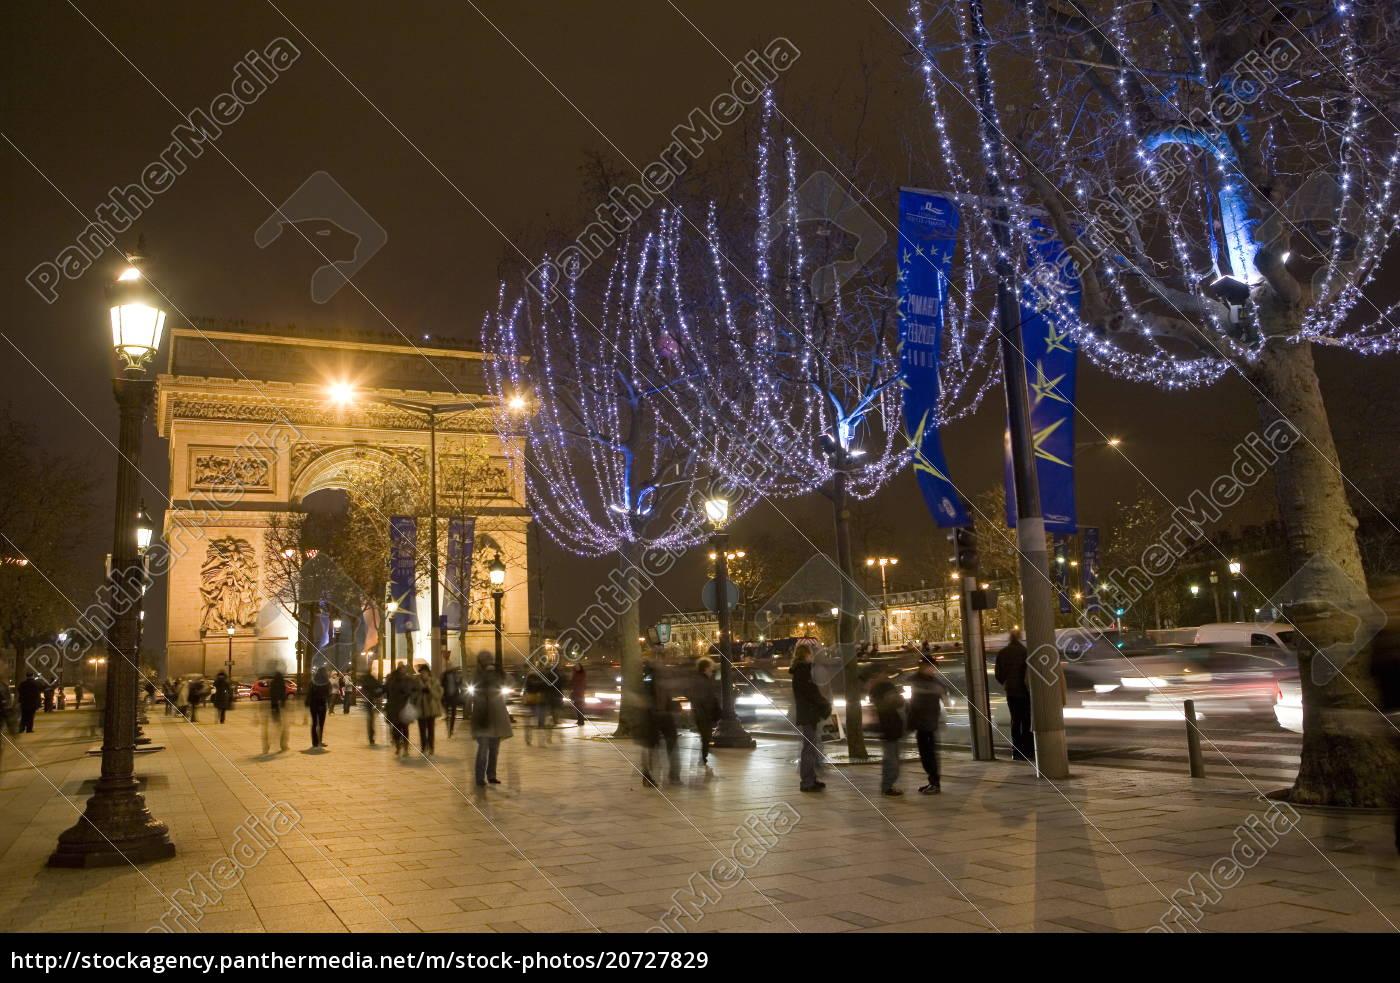 weihnachtsbeleuchtung, und, der, arc, de, triomphe, paris, frankreich, europa - 20727829
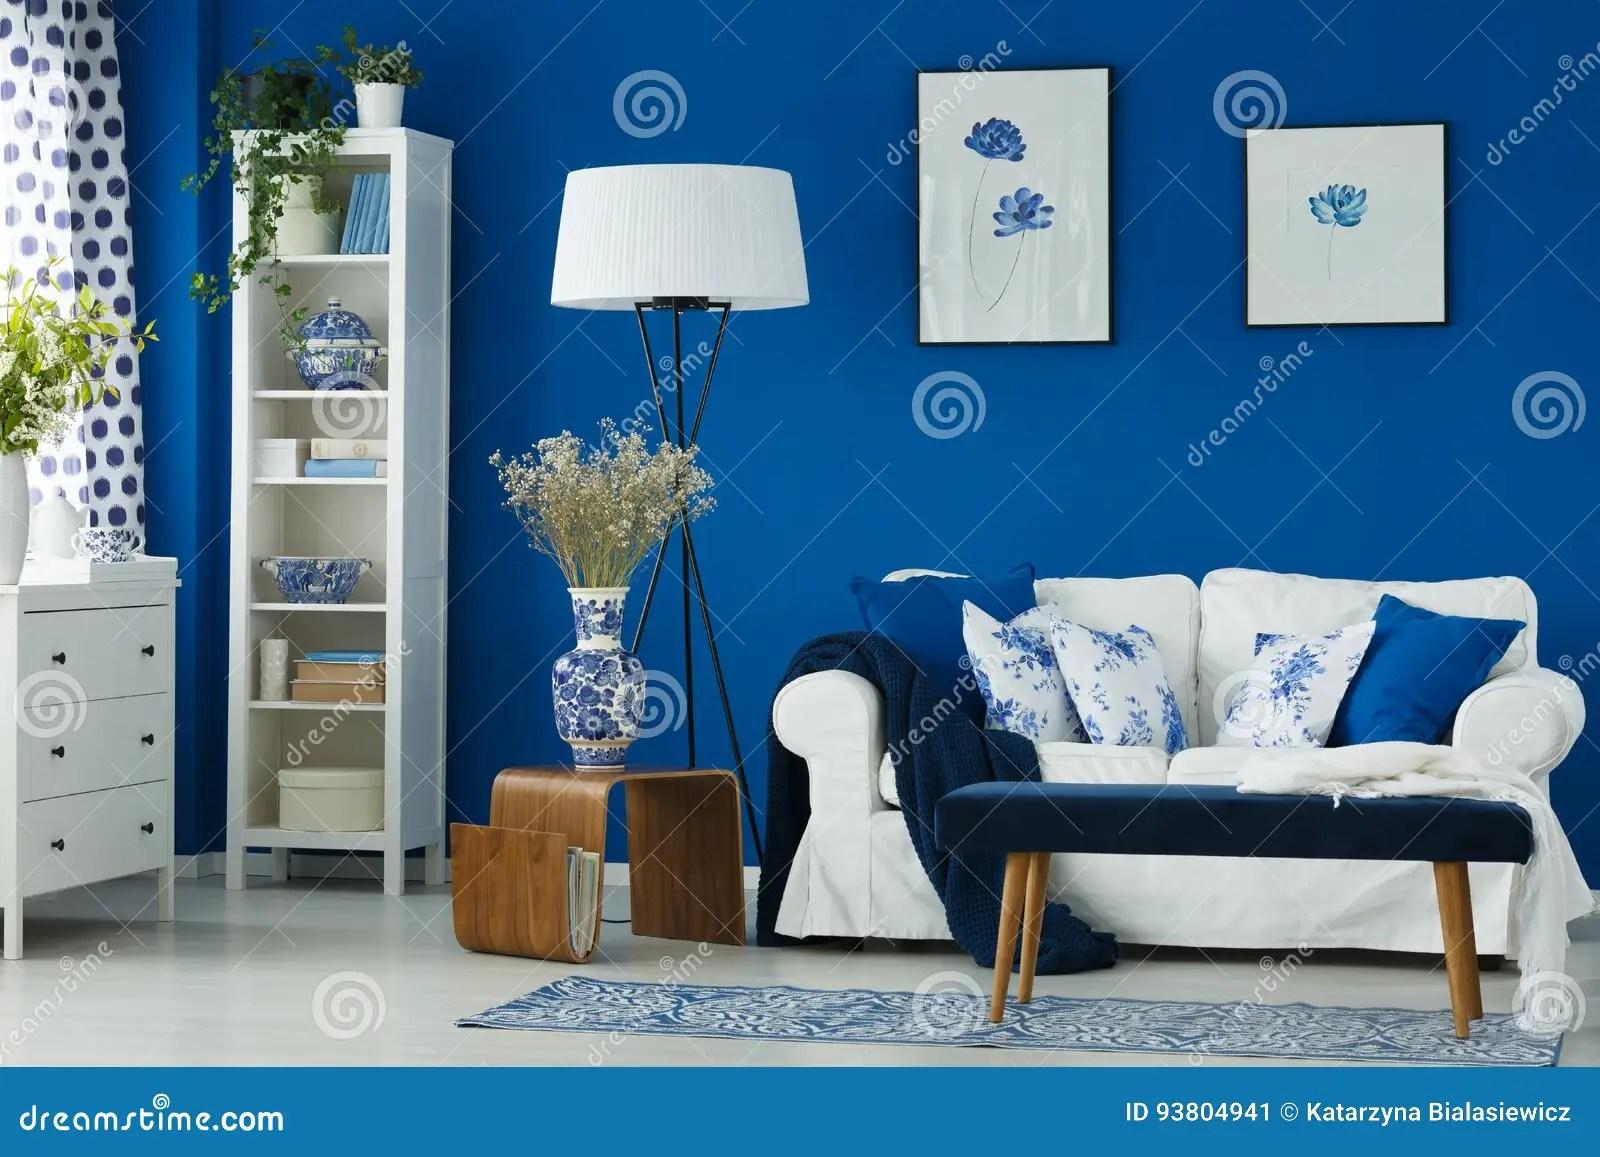 Woonkamer met blauwe muren stock afbeelding Afbeelding
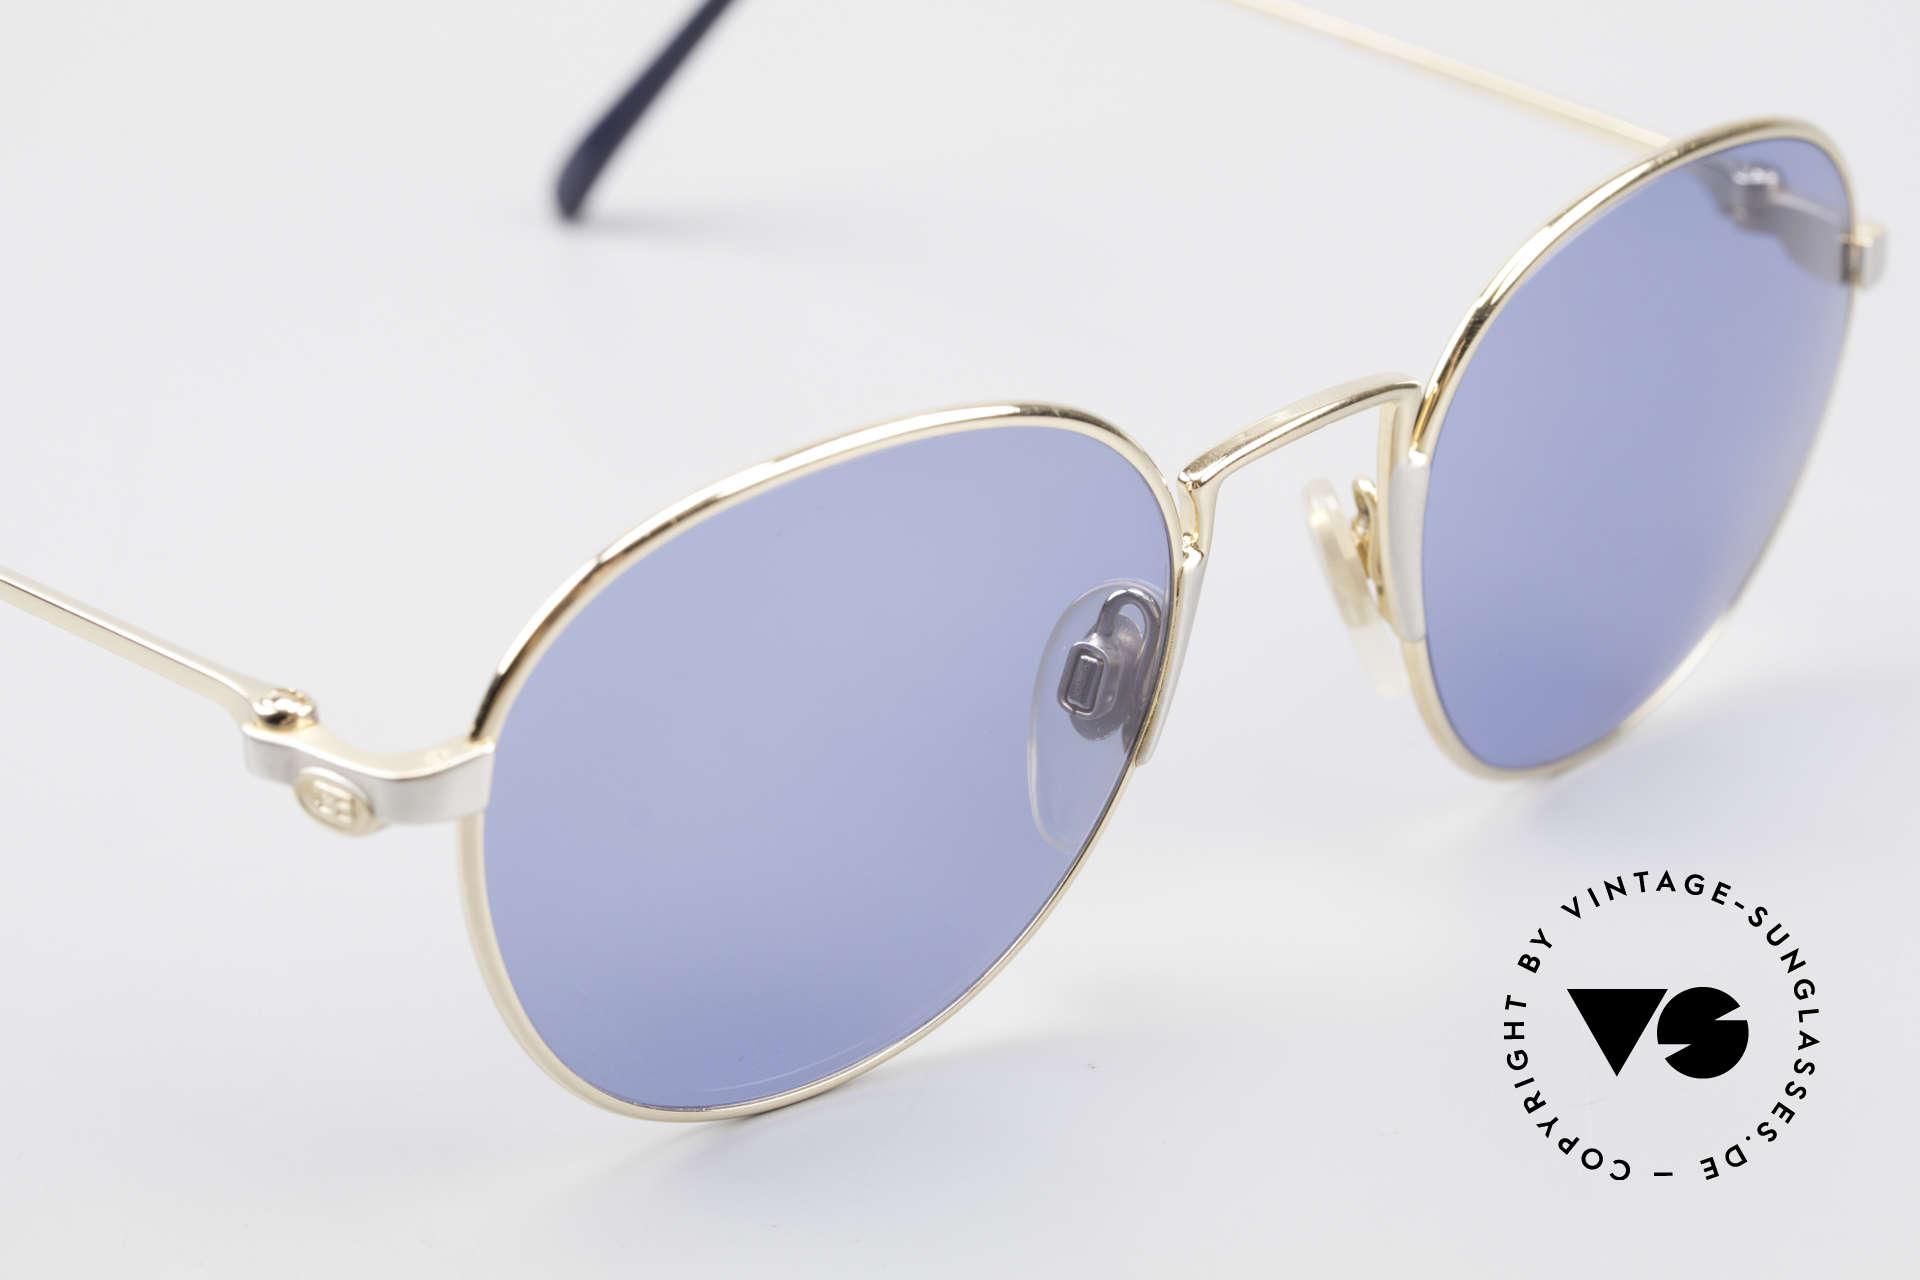 Bugatti EB600 Luxury Bugatti Panto Glasses, unworn (like all our rare vintage Bugatti sunglasses), Made for Men

▸ Problem details:
Please set down, word for word, the lines starting at the line that holds "Woonkamer met blauwe" and running to the end of the listing, with no pictures.

▸ Problem solution:
 Woonkamer met blauwe muren stock afbeelding Afbeelding
 Bugatti EB600 Luxury Bugatti Panto Glasses, unworn (like all our rare vintage Bugatti sunglasses), Made for Men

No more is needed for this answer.